-- TASK DETAILS --
Your output should be the complete listing, word for word, with no pictures in it.

-- SUPPLIED DATA --
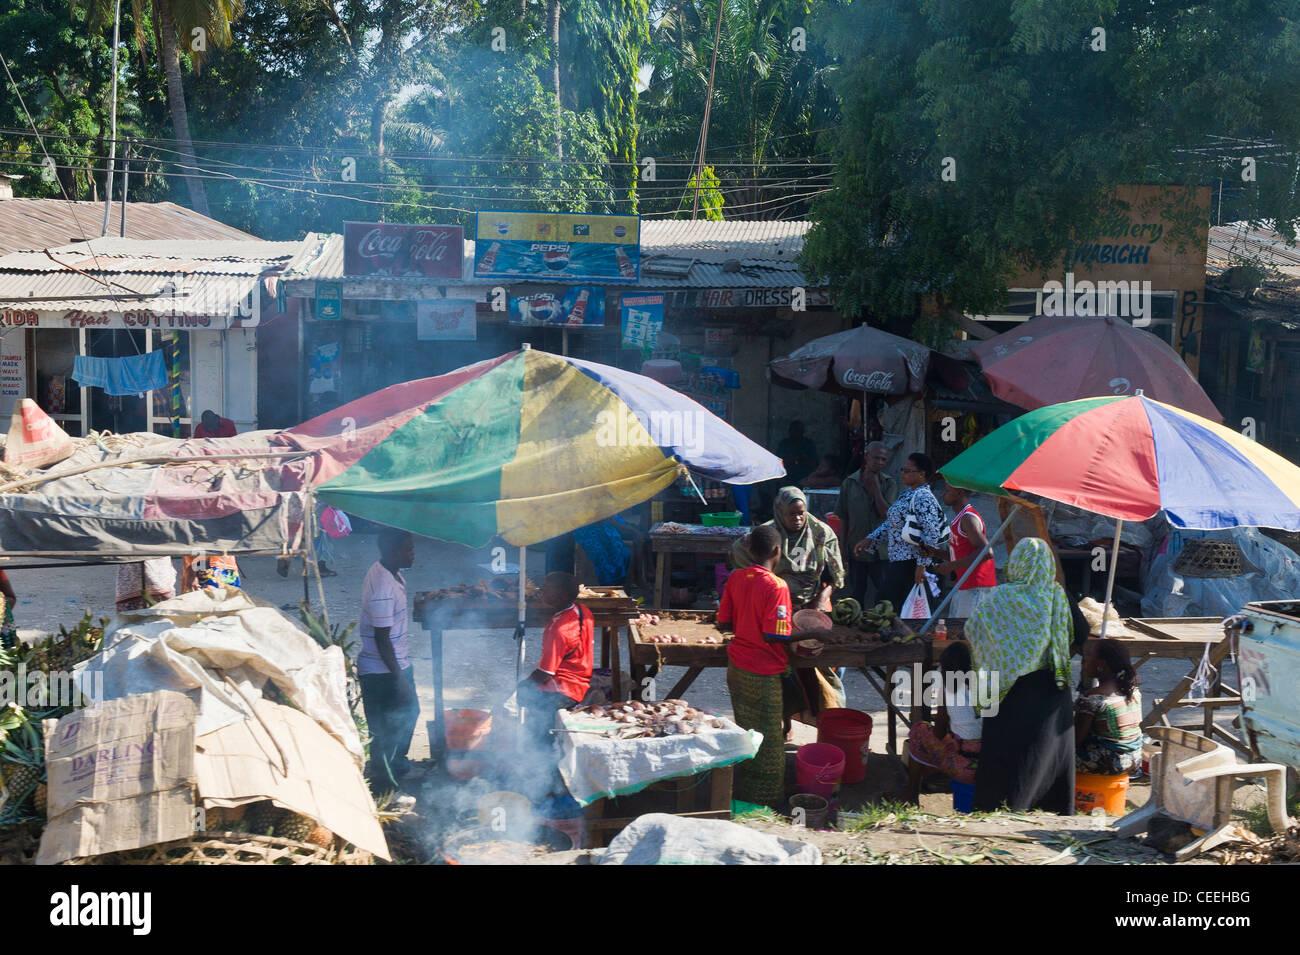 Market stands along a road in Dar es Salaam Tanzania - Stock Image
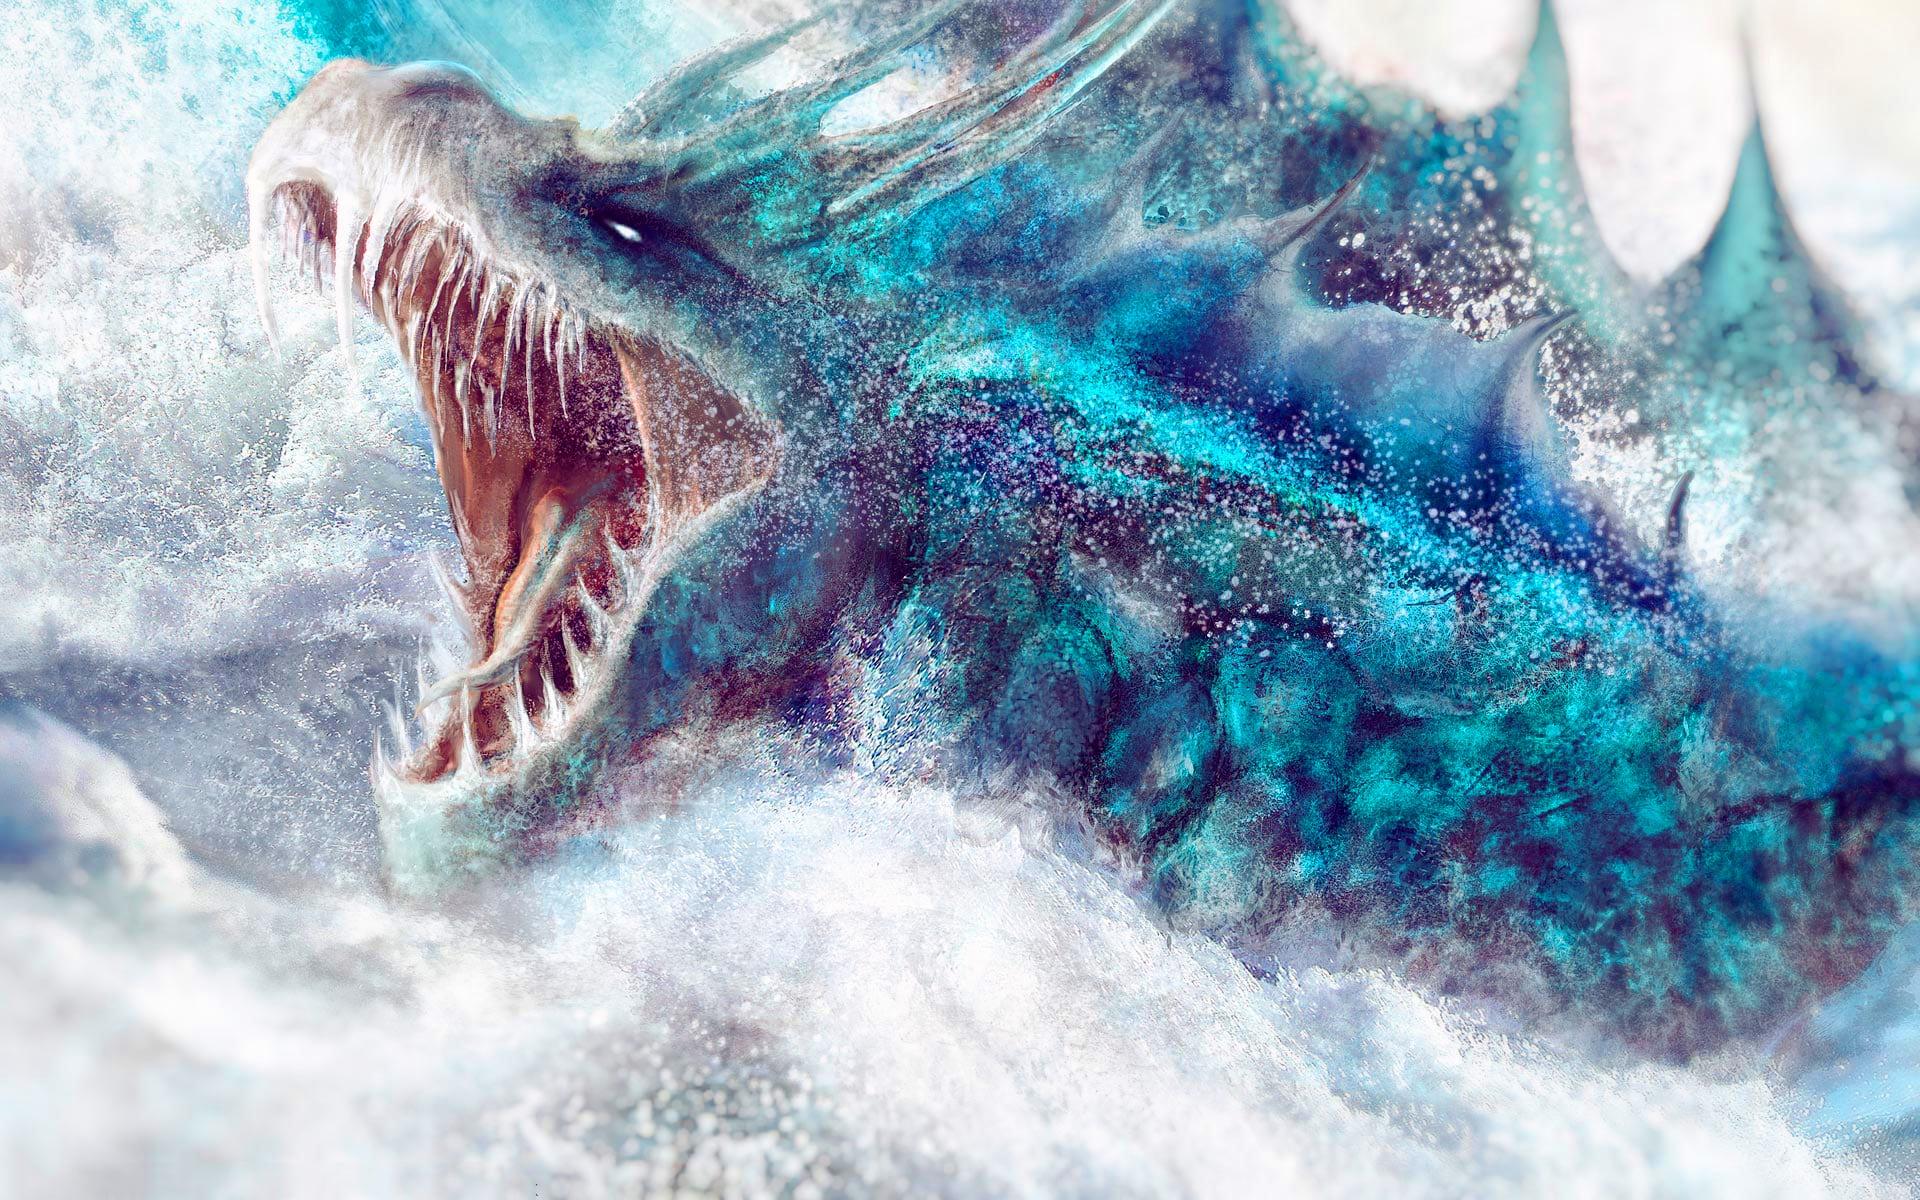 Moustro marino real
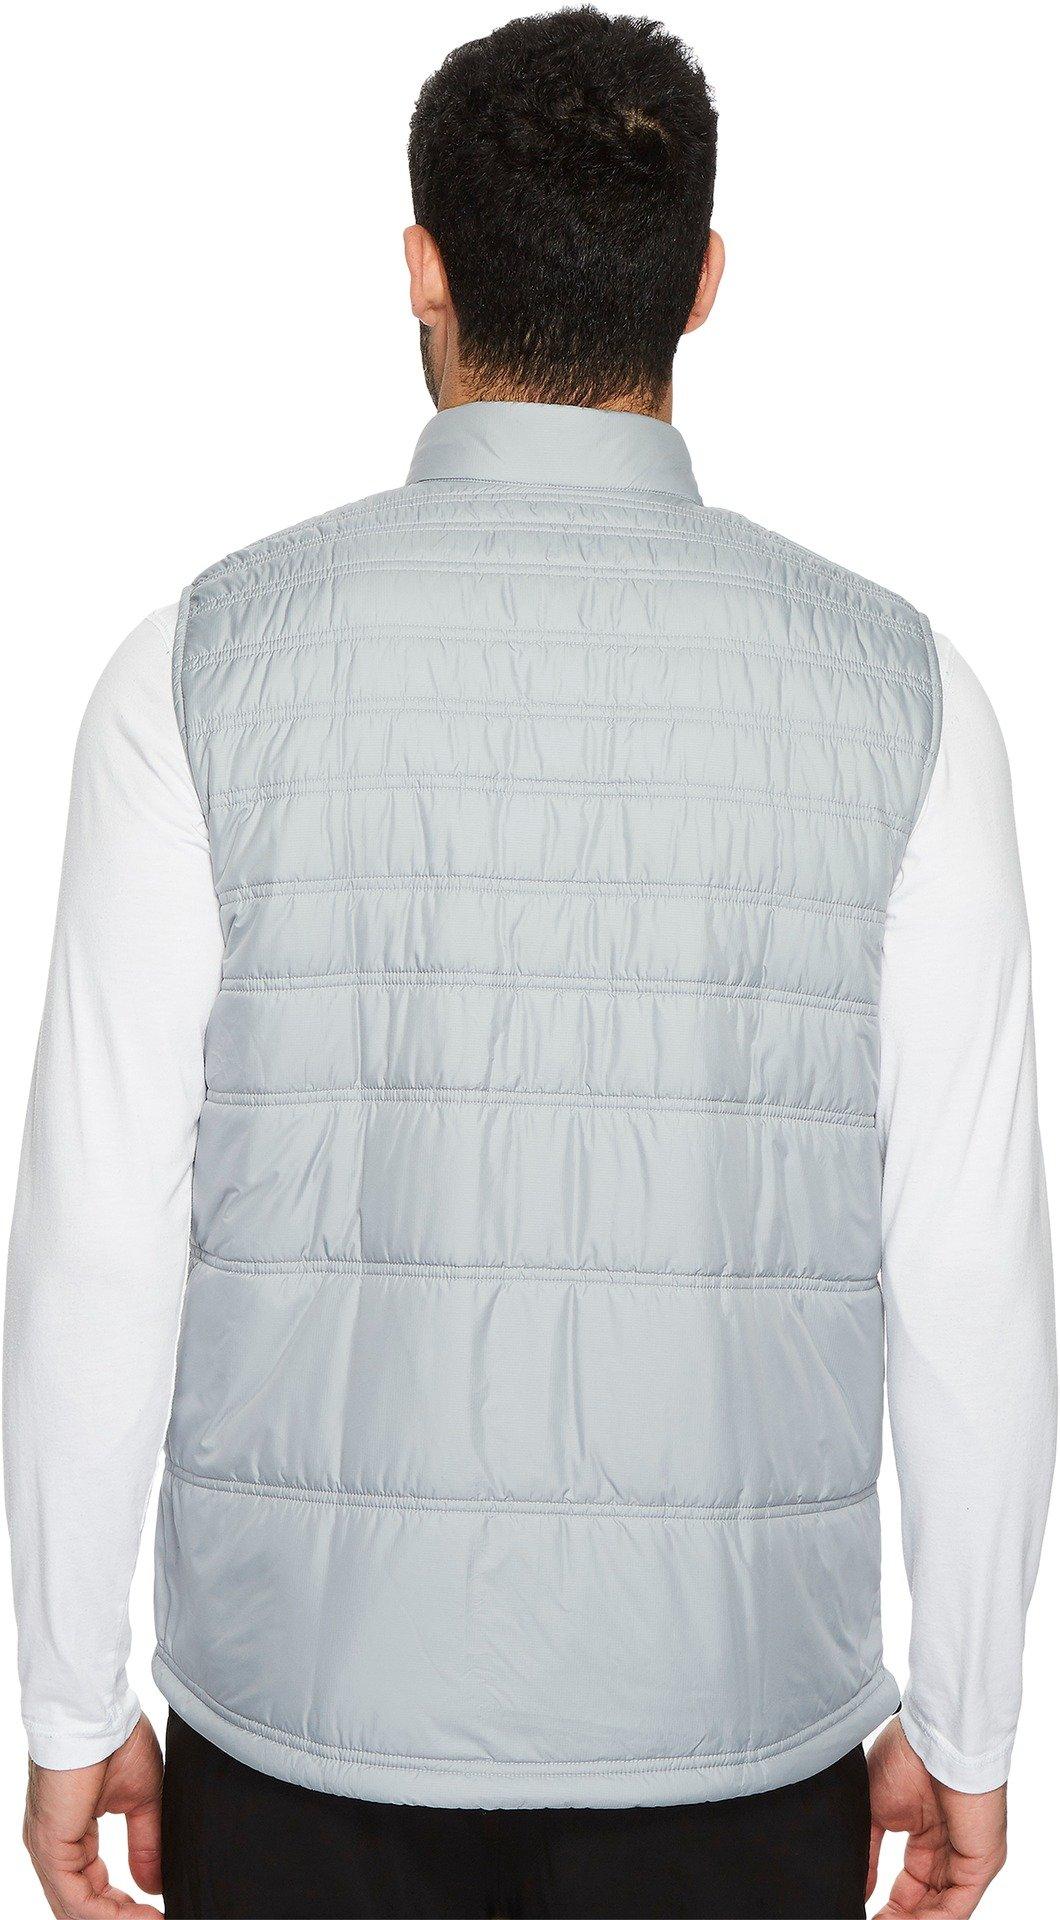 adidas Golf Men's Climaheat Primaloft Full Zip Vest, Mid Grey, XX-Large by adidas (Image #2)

-- SOLUTION --
 Market stands along a road in Dar es Salaam Tanzania - Stock Image
 Moustro marino real
 adidas Golf Men's Climaheat Primaloft Full Zip Vest, Mid Grey, XX-Large by adidas (Image #2)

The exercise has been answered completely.